▶ _To do_: Look in the material below for the line with "Mappa delle possibili" and the line with "Гайд по премиумному", then set down exactly those two lines and all lines between, nothing more.

▶ _Dataset records_:
§

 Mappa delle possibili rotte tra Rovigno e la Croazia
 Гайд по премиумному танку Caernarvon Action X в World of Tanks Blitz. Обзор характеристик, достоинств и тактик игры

§

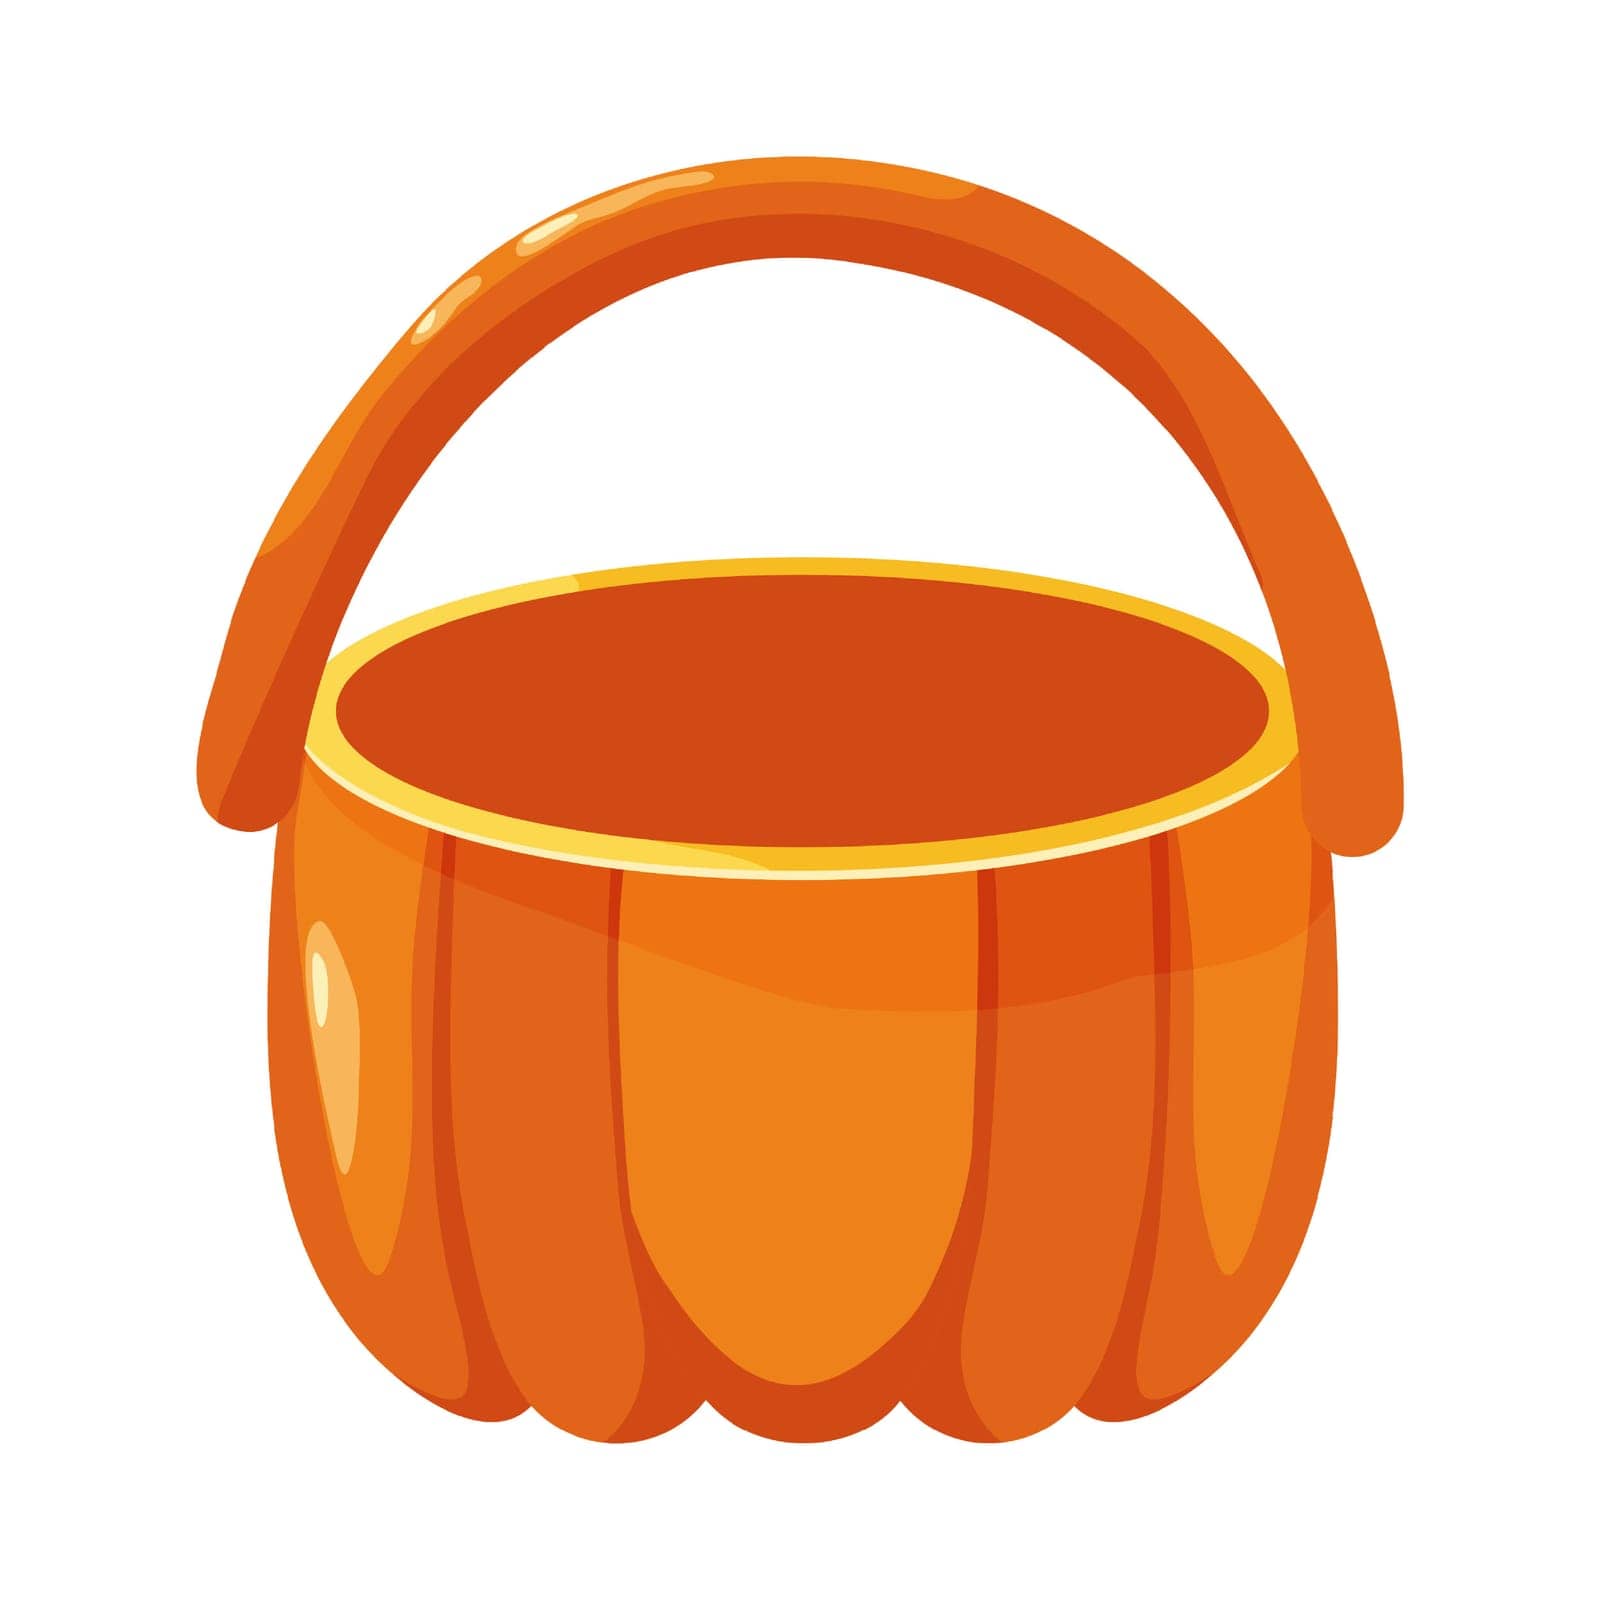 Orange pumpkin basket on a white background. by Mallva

§

▶ _Response to the task_:
 Mappa delle possibili rotte tra Rovigno e la Croazia
 Гайд по премиумному танку Caernarvon Action X в World of Tanks Blitz. Обзор характеристик, достоинств и тактик игры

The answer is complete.